Mesos uses a distributed two-level scheduling mechanism called resource offers. Mesos decides how many resources to offer each framework, while frameworks decide which resources to accept and which computations to run on them. It is a thin resource sharing layer that enables fine-grained sharing across diverse cluster computing frameworks, by giving frameworks a common interface for accessing cluster resources.The idea is to deploy multiple distributed systems to a shared pool of nodes in order to increase resource utilization.
Kubernetes
Kubernetes is an open-source platform for automating deployment, scaling, and operations of application containers across clusters of hosts, providing container-centric infrastructure. Kubernetes can schedule and run application containers on clusters of physical or virtual machines.

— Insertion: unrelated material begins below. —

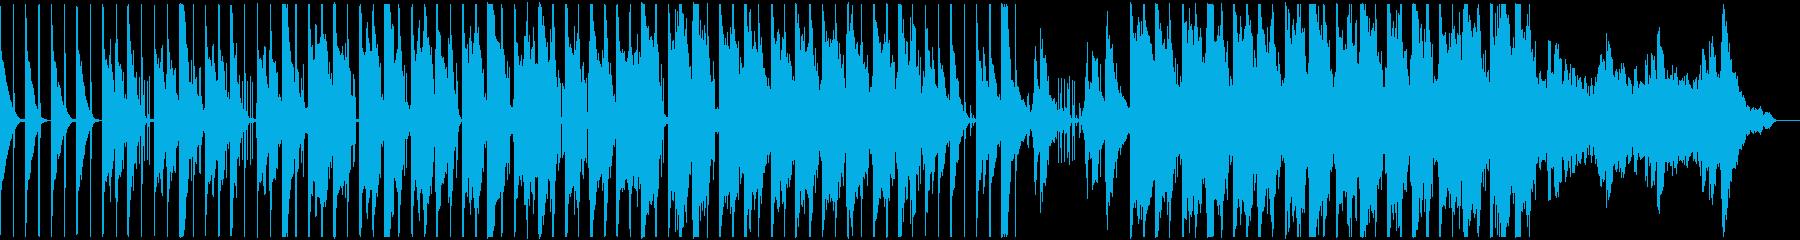 Drifted Awayの再生済みの波形

Containers are an operating-system-level virtualization method for running multiple isolated Linux systems (containers) on a control host using a single Linux kernel. Containers provides operating system-level virtualization through a virtual environment that has its own process and network space, instead of creating a full-fledged virtual machine. These containers are isolated from each other and from the host. They have their own filesystems, they can’t see each other's processes, and their computational resource usage can be bounded. They are easier to build than VMs, and because they are decoupled from the underlying infrastructure and from the host filesystem, they are portable across clouds and OS distributions.
Mesos vs. Kubernetes
Mesos is mainly used for those working with larger data clusters, such as Spark database: where as Kubernetes offers developers a lightweight cluster management tool for working with projects that are similarly packaged. Mesos demand more from their services while building an application whereas Kubernetes are built for flexibility without sacrificing control over resource management, allowing for clusters to be scaled up, down or paused as needed. Mesos uses Zookeeper for master election and discovery and Apache Auroa is a scheduler that runs on Mesos. Kubernetes can also run on top of Mesos and share a cluster. The resource overhead of Mesos uses event-driven message passing rather than coordinating via etcd (Etcd is an open-source distributed key-value store that serves as the backbone of distributed systems by providing a canonical hub for cluster coordination and state management) which is the case in Kubernetes. Kubernetes allows for quick-scaling, lightweight cluster management, while Mesos requires more resources.